Module: 02 · Alternative Finder + Compound Lens. The Lens lands the future value at the choice point — not in a weekly recap. Alex authorises the meal-prep substitution. Within two weeks her food-delivery spending is down ~$120/mo. The lecture-free framing is what made her actually act.
First Event Radar prediction — property tax + holiday spending
Aureus surfaces a forward-looking card: "Projecting a $2,000 liquidity gap in late November. Driver: estimated tax payment ($1,300) + your typical November holiday spending pattern ($700+)." The proposal: pause the next two months of her $500/mo brokerage contribution and hold in cash until Dec 1. Resume in January.

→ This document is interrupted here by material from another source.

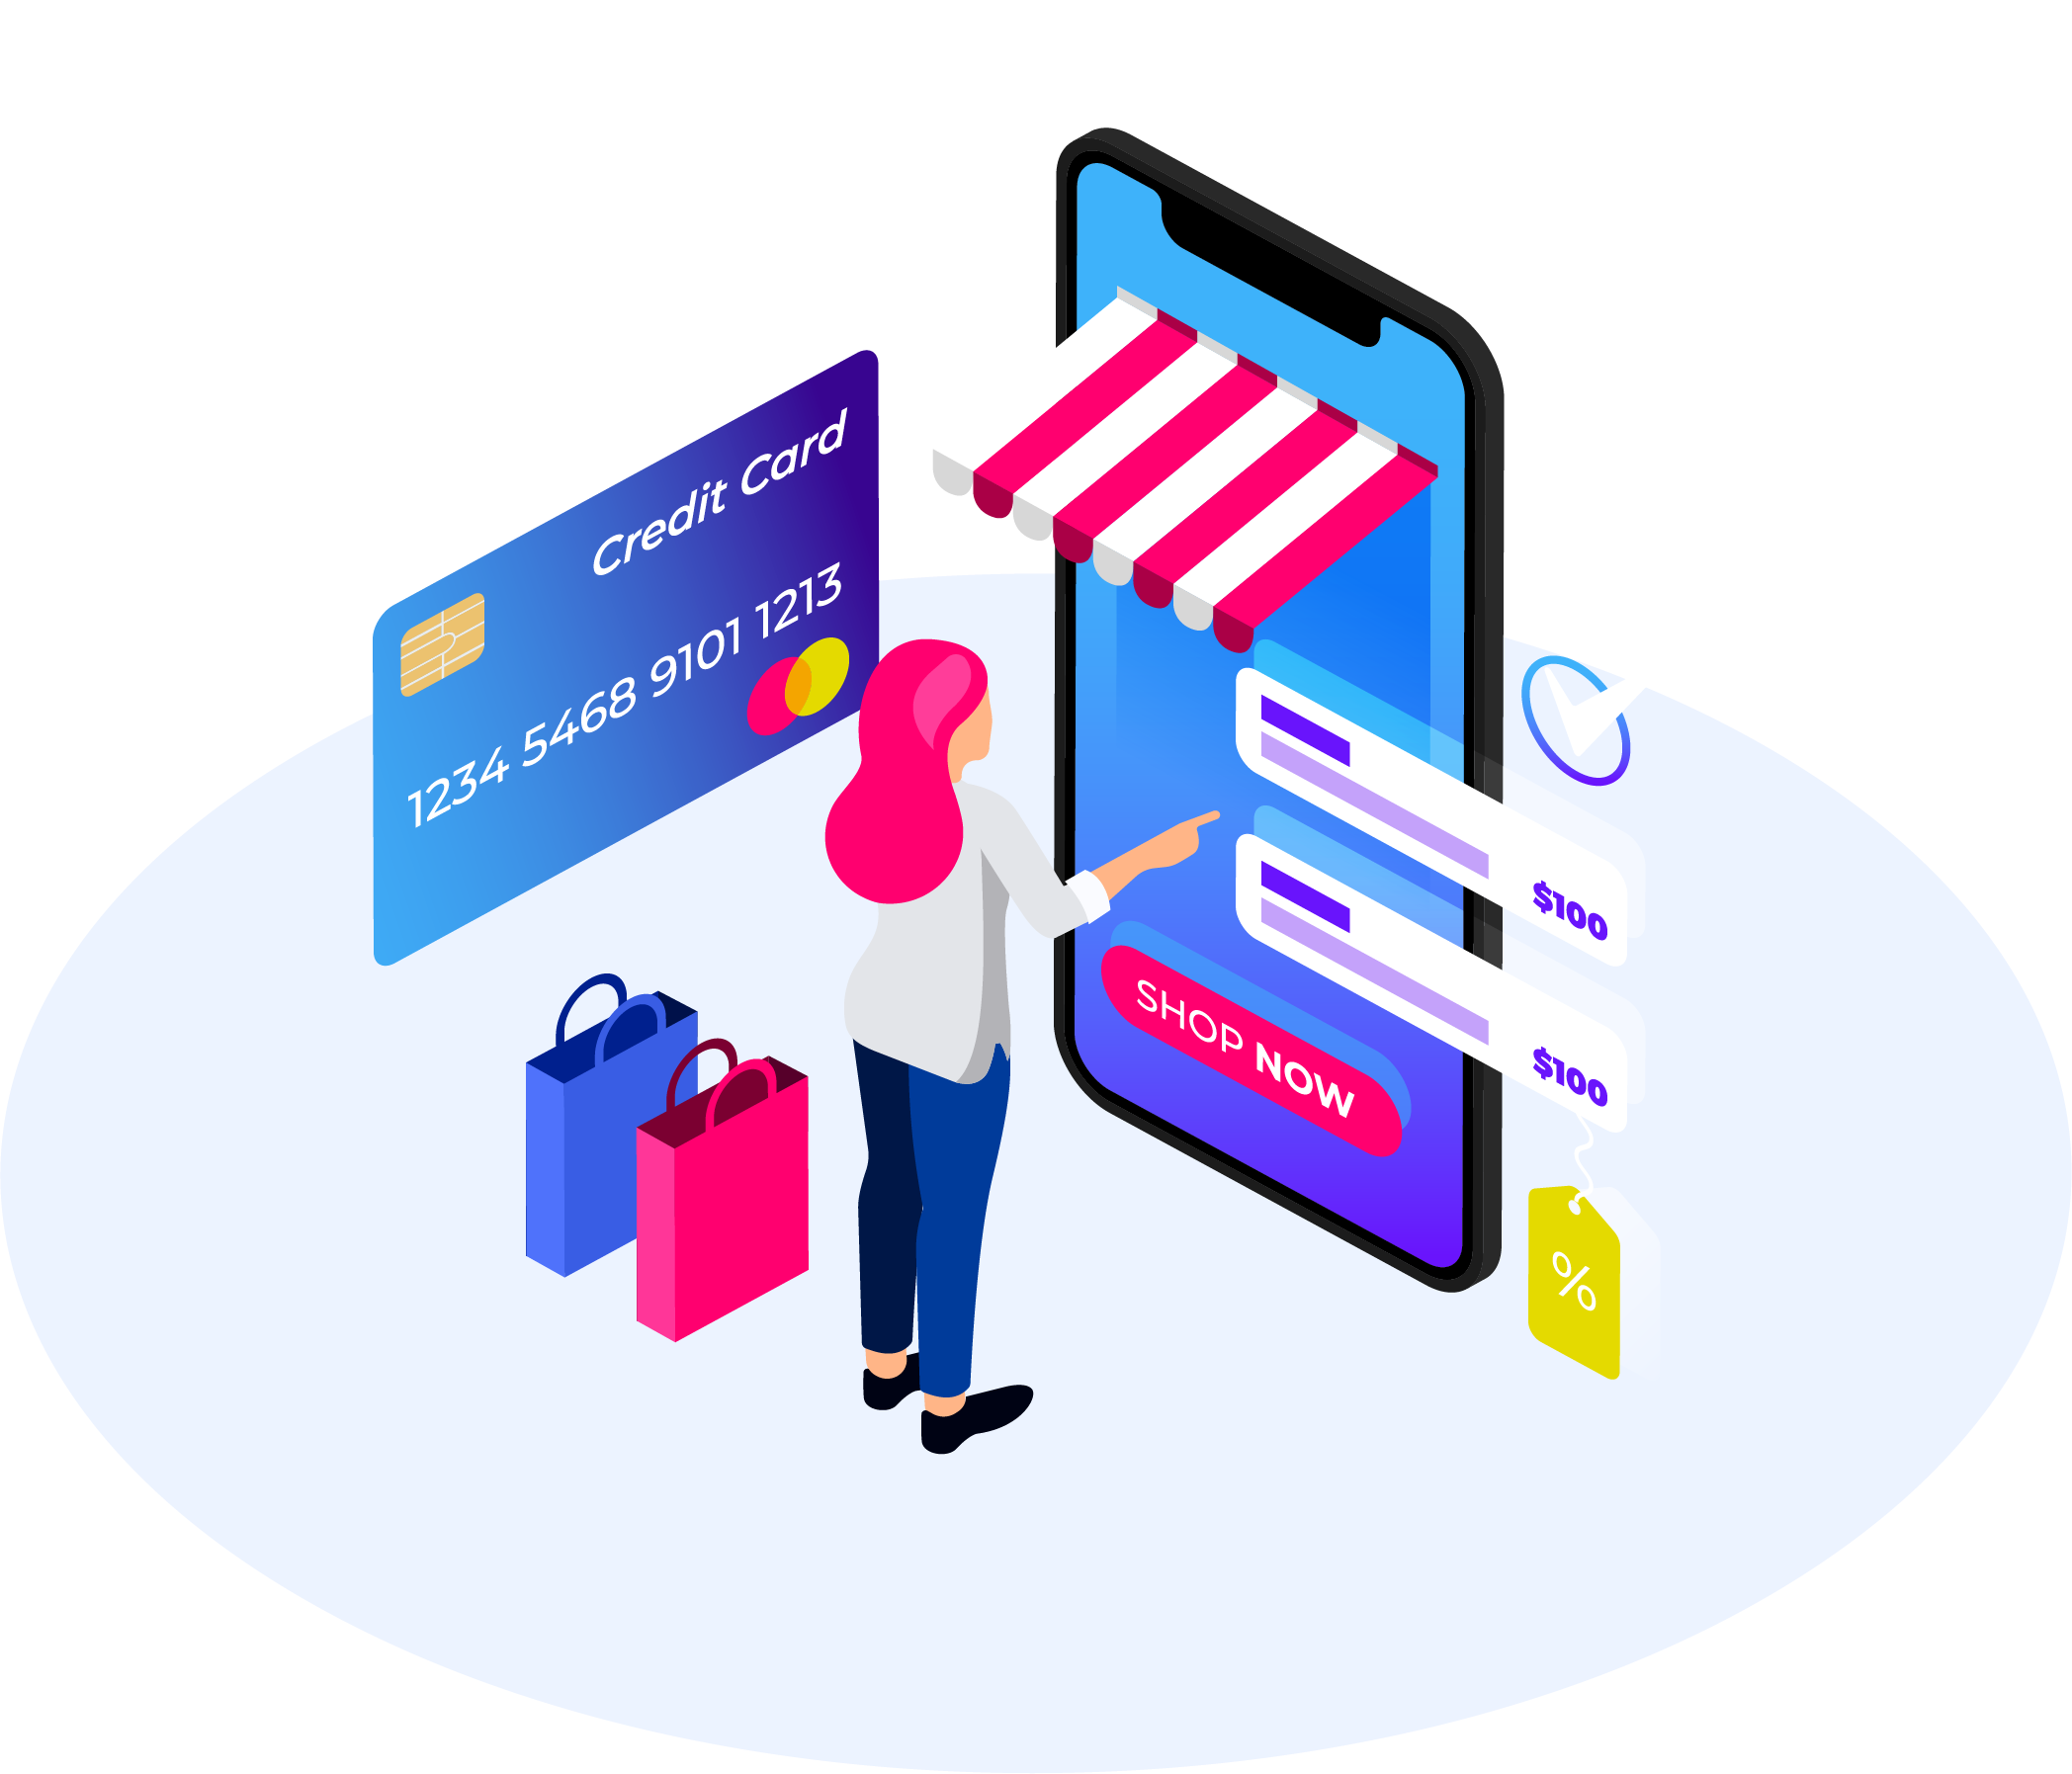 mobile commerce onectus illustration

"Oh. So this is the thing my dad does for himself in a notebook. The thing I never got around to building a spreadsheet for."
Module: 03 · Preemptive Event Radar. Calendar synthesis + spending pattern recognition + macro tax-window awareness. This is the UHNW private-banker pattern — manual quarterly cash-flow forecasting — automated. Alex approves the pause. Two months later she does not have to sell ETFs at the bottom of a Q4 dip to cover the tax bill.
First Fiduciary Decision Room — the 70/30 commit
Aureus surfaces three named scenarios for moving Alex's $42K out of lazy checking: Inflation Hedge (50% equity, 30% TIPS, 20% short-term bonds, worst-case −12%), Defensive (40% equity, 50% bonds, 10% cash, worst-case −9%), Aggressive Growth (80% equity, 15% bonds, 5% alts, worst-case −24%). Alex slides the stress-test slider to a −20% market drop. The Defensive option drops to $38K; the Aggressive Growth option drops to $32K and takes longer to recover. She picks Inflation Hedge. The sign-off modal requires her to type the projected worst case before confirming: "I understand this portfolio could drop to $36,960 in a severe drawdown."
"This is the first time an investment app made me actually feel the worst case before pressing buy. Good."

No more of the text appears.